Ladies and Gentlemen:

We wish to enter into this Shareholder Servicing Plan Implementation Agreement (“Agreement”) with you concerning the provision of services as set forth herein. The terms and conditions of this Agreement are as follows:

 

1. Provision of Services

 

  (a) You will from time to time enter into agreements with banks, broker/dealers and other financial institutions (collectively “Intermediaries”) pursuant to which the Intermediaries will agree to provide personal services to, and maintain accounts of, their clients (“Customers”) who may from time to time beneficially own shares of one or more of the portfolios (collectively, the “Funds”) of the undersigned trust(s) that have a Board approved shareholder servicing plan. The shares of the Funds are collectively referred to herein as “Shares.”

 

  (b) You will provide such office space and equipment, facilities and personnel (which may be any part of the space, equipment and facilities currently used in your business, or any personnel employed by you) as may be reasonably necessary or beneficial in order to provide the services contemplated hereby.

 

  (c) You will pay to the Intermediaries, out of the Servicing Fee (as defined below), such amounts as may be agreed between you and the Intermediaries in return for the provision by the Intermediaries of personal services and/or the maintenance of shareholder accounts as described in Section 1(a).

 

  (d) For all purposes of this Agreement you will be deemed to be an independent contractor, and will have no authority to act as agent for us in any other capacity, except as expressly provided herein.

 

2. Compensation

 

  (a) In consideration of the services provided by you hereunder, we will pay to you a fee as set forth in Schedule I (the “Servicing Fee”).

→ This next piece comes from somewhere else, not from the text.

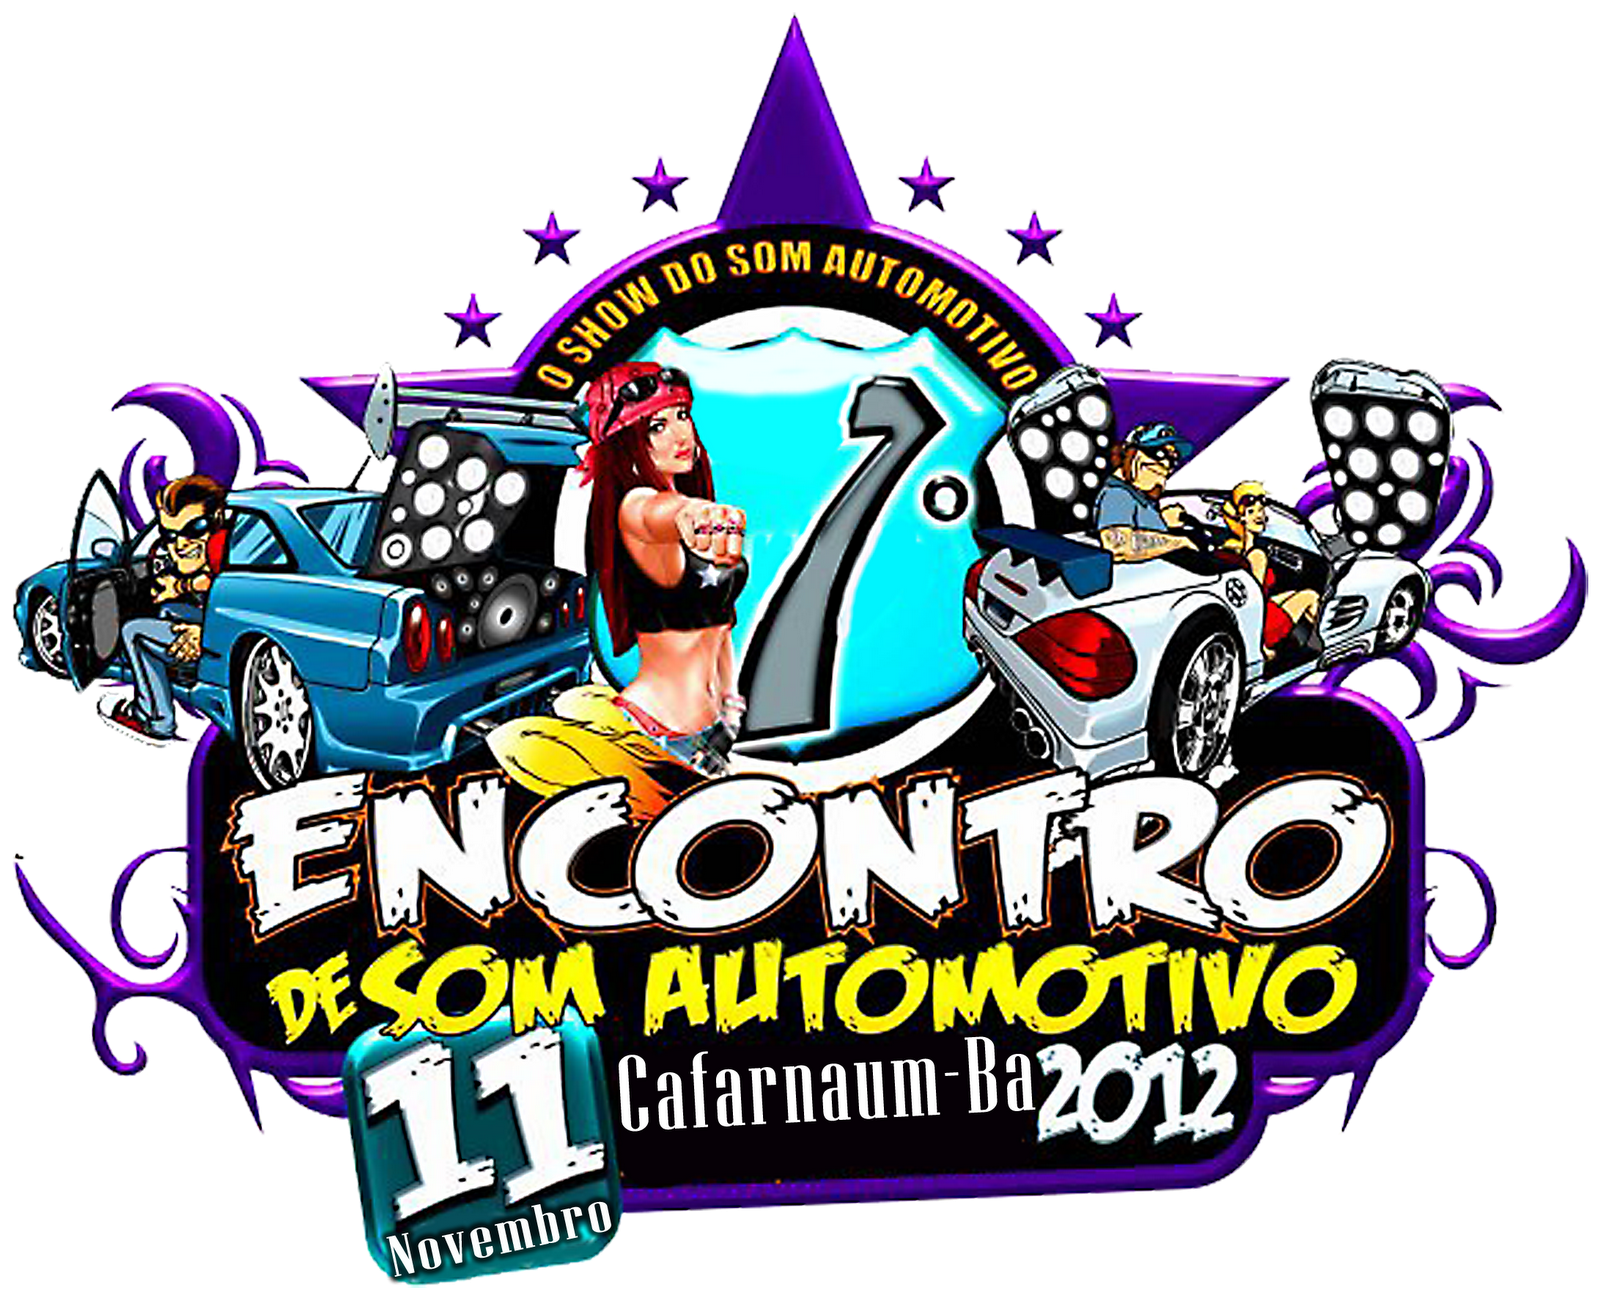 Som automotivo clipart svg royalty free 1º Encontro de som automotivo de Cafarnaum Ba | DJ GORDINHO CAF svg royalty free

The Servicing Fee may be prospectively increased or decreased by us, in our sole discretion, at any time upon notice to you.

 

  (b) Compensation payable under this Agreement is subject to, among other things, the Financial Industry Regulatory Authority, Inc. (“FINRA”) conduct rules governing receipt by FINRA members of service fees from registered investment companies (the “FINRA Service Fee Rule”). Such compensation shall only be paid if permissible under the FINRA Service Fee Rule and shall not be payable for services that are deemed to be distribution-related services, or to the extent otherwise prohibited by the FINRA Service Fee Rule.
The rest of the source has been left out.